Unemployment Is Really at 22.1%

NyPo's John Crudele reports on the latest numbers from Shadow Government Stats and fills in a bit more on how the government is able to whittle down the number to 10.1%:
My friend John Williams of Shadow Government Stats thinks the true unemployment rate would be 22.1 percent if everyone -- all discouraged former workers, encouraged, involuntary part-timers and the like -- were included.

Here are more numbers to fry your brain and cause a temporary sense of helplessness.

The government's household survey (the one from which the unemployment rate of 10.2 percent comes) showed a "decline in employment" of 589,000 in October, which followed a 785,000 employment drop in September.

That number also includes people who say they retired and others who were fortunate enough to have died during the past month and no longer require a job.

More numbers: Last Friday's 190,000 loss of jobs (from the survey of companies) would have been worse if 86,000 imaginary jobs weren't included to the tally.

The government thinks those 86,000 jobs are coming from newly formed small businesses that it can't survey, but last month the Labor Department admitted that this might be overly optimistic
.
The imaginary numbers Crudele refers to are the numbers that come from the infamous Birth/Death Index by which the BLS estimates how many new firms are hiring people.

What is particularly ballsy of the BLS is to make this estimate as money flows to Goldman Sachs, and the like, which is killing off fund availability for small businesses. As Charles Gasparino recently put it:
Goldman, in case you haven't heard, has been classified as a commercial bank, meaning it can borrow cheaply to finance its risk taking, and can borrow from the Federal Reserve in a pinch.

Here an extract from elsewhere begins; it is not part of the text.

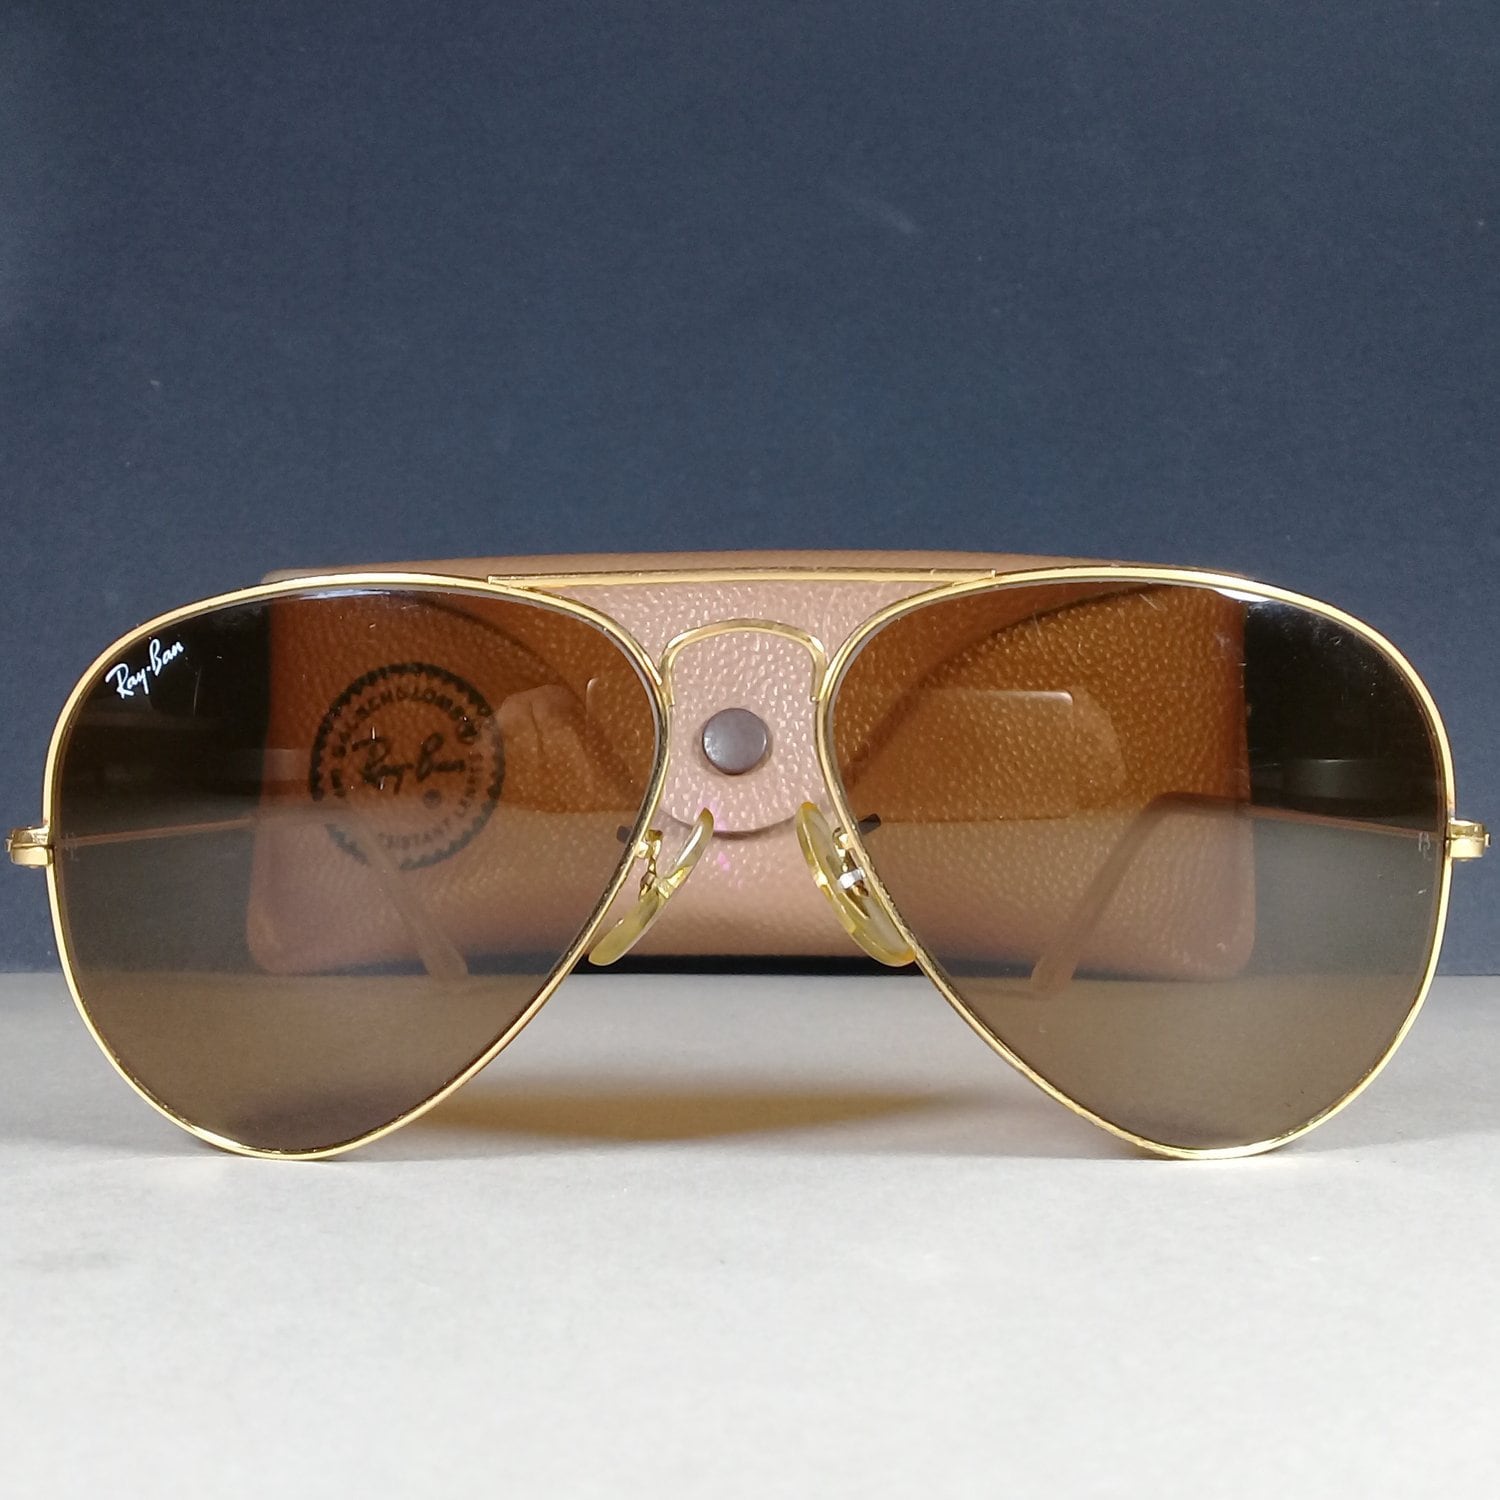 Ray Ban Bausch & Lomb 58-14 Gold/Brown Aviator Pilot B&L US Made Sunglasses w/Case

That's why it's amassing such massive profits. And yet not a penny of its massive bonus pool will be lent out to funding-starved small businesses. Think about that: The Federal Government run by the most Liberal Administration in years, is subsidizing big business at the expense to small business.
Well, technically, they are no longer a commercial bank (that lasted only a couple of months). God's work they discovered is best done as a financial holding company, but the Fed money still flows and crowds out the small businessman.